Endowment
Endowment remortgage explained
The customer pays only the interest on the capital borrowed, thus saving
money with respect to an ordinary repayment loan; the borrower instead makes
payments to an endowment policy. The objective is that the investment made
through the endowment policy will be sufficient to repay the remortgage at the end
of the term and possibly create a cash surplus. Up to 1984 qualifying insurance contracts including endowment policies
received tax relief on the premiums known as LAPR (Life Assurance Premium
Relief). This gave a tax advantage for endowment remortgages over repayment.
Similarly MIRAS (remortgage Interest Relief At Source) made having a larger
remortgage advantageous as the MIRAS relief reduced as a repayment remortgage was
repaid. This tax incentive toward endowment remortgages is not often
commented on in the media when they discuss endowment remortgages. An additional reason in favour of an endowment was that many lenders charge
interest on an annual basis. This meant that any capital repaid on a monthly
basis is not removed from the outstanding loan until the end of the year thus
increasing the real rate of interest charged. In such a situation, payments into
an endowment might benefit from any growth from the moment it is invested.
Henceforth, the net investment return required for the endowment to pay the
loan, would be less than the average remortgage interest rate over the same
period.
Problems with endowment remortgages
The underlying premise with endowment remortgage policies being used to repay a remortgage,
is that the rate of growth of the investment will exceed the rate of interest
charged on the loan.
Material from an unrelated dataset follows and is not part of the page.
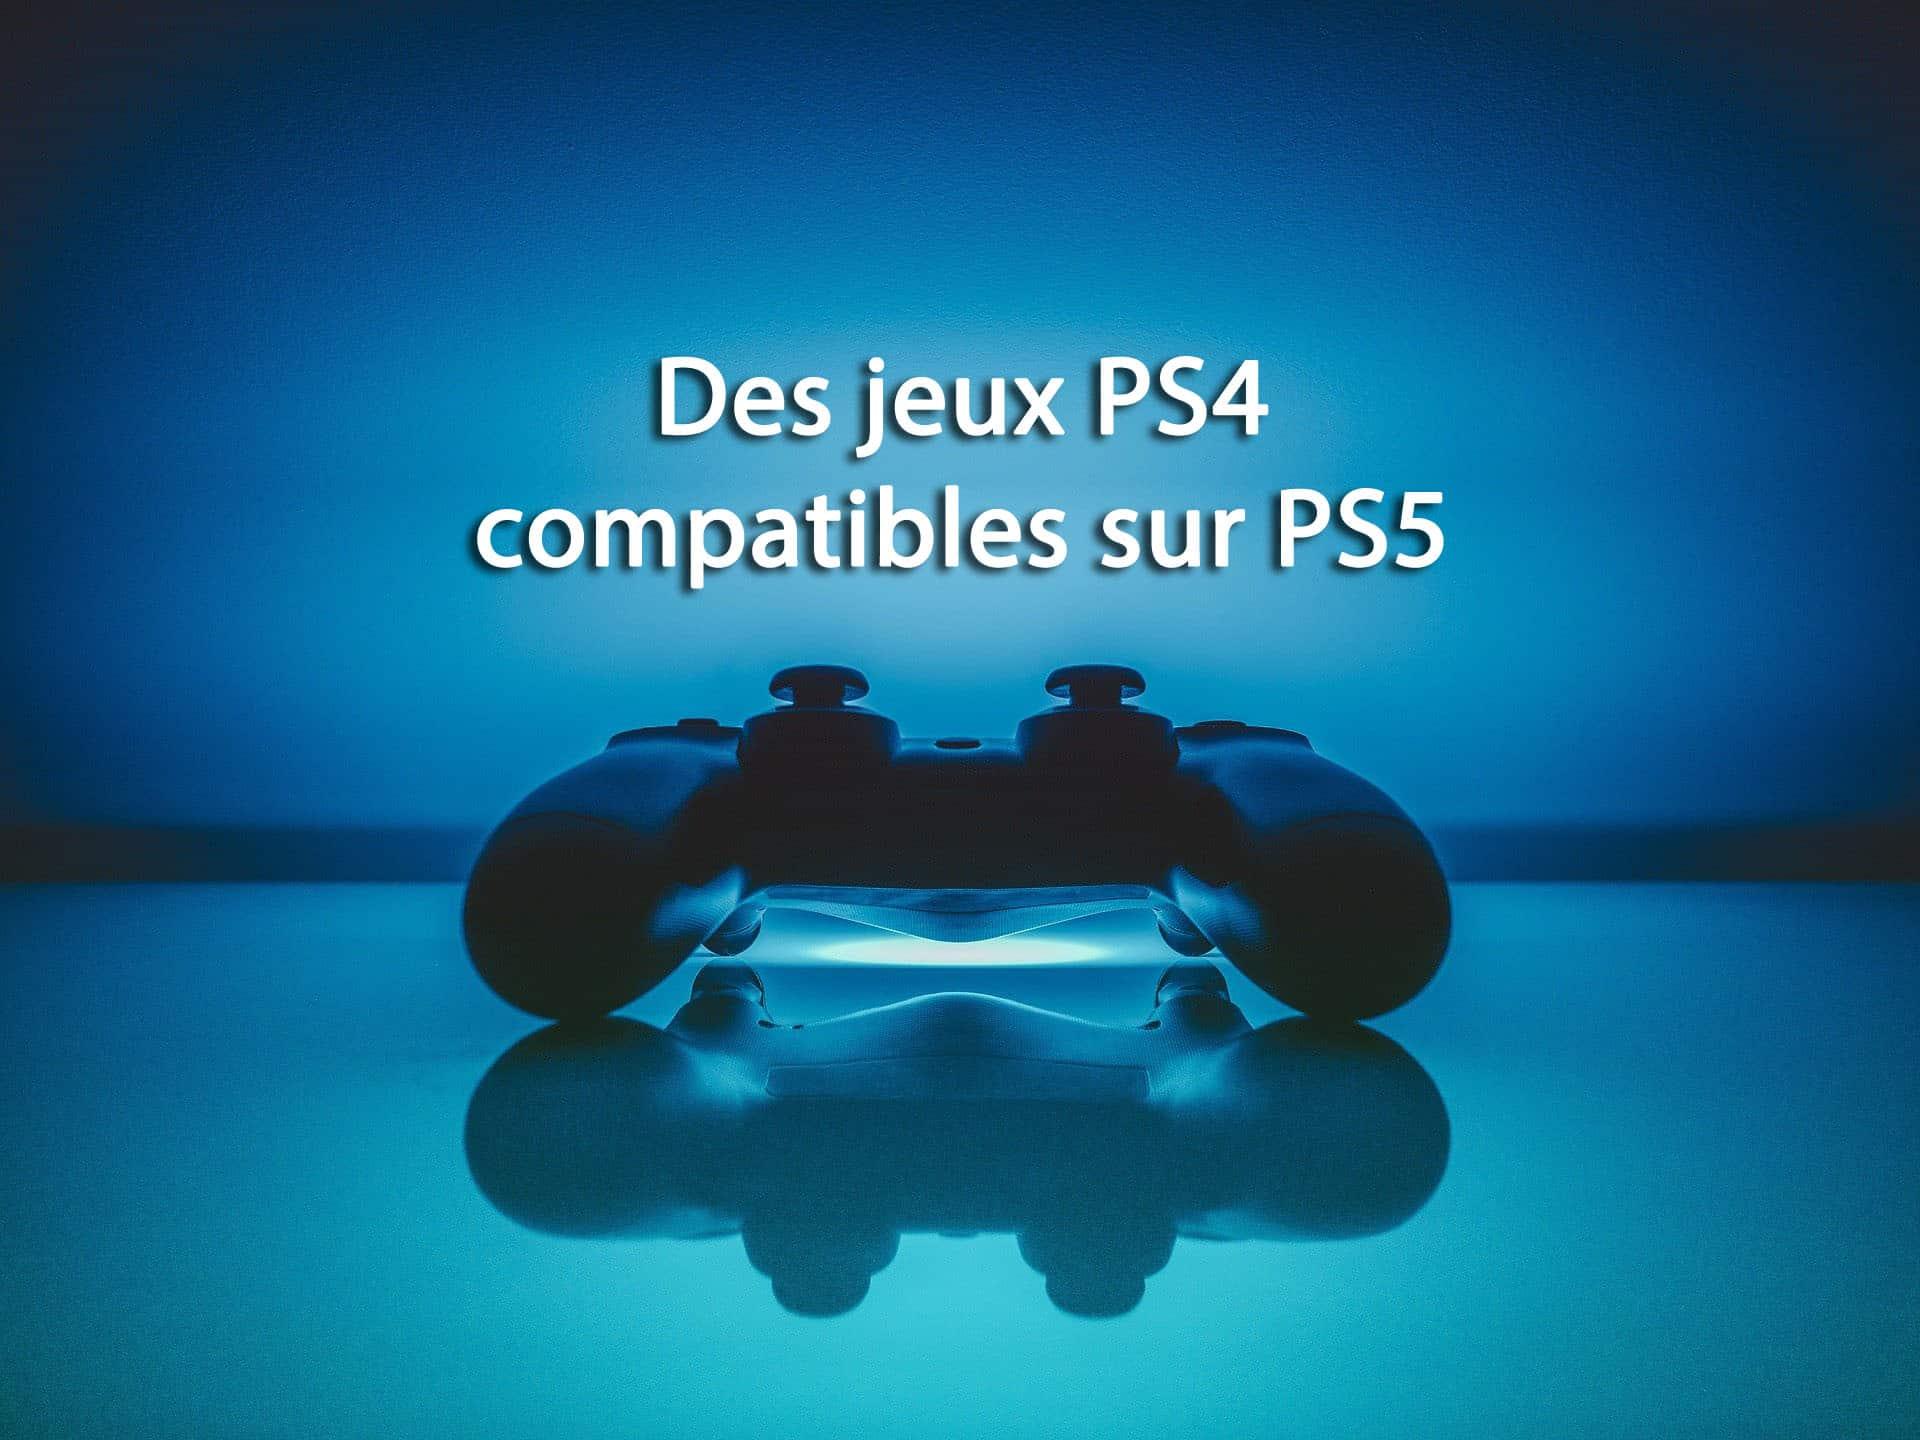 Des jeux PS4 compatibles sur PS5

Toward the end of the 1980s when endowment remortgage selling
was at its peak, the anticipated growth rate for endowments policies was high
(7-12% per annum). By the middle of the 1990s the change in the economy toward
lower inflation made the assumptions of a few years ago look optimistic. Regulation of investment advice and a growing awareness of the potential for
regulatory action against the insurers lead to reduction in anticipated growth
rates down to 7.5% and eventually as low as 4% per annum. By 2001 the sale of
endowments to repay a remortgage was virtually seen as taboo. Shortfalls
Financial regulations introduced compulsory re-projection letters to show
existing endowment holders what the likely maturity value of their endowment
would be assuming standard growth rates. This in turn lead to a dramatic rise in complaints of mis-selling and spawned a
secondary industry that 'handles' complaints for consumers for a fee, even
though they can pursue it themselves for free. In many cases the insurer or broker responsible for the original advice have
found in favour of the policyholder and have been required to restore their
customers to the financial position they would have been in had they taken out a
repayment remortgage instead. As of July 2006, UK banks and insurance providers
have paid out approximately £2.2 billion in compensation. For a remortgage enquiry please contact
Details supplied here will be strictly confidential!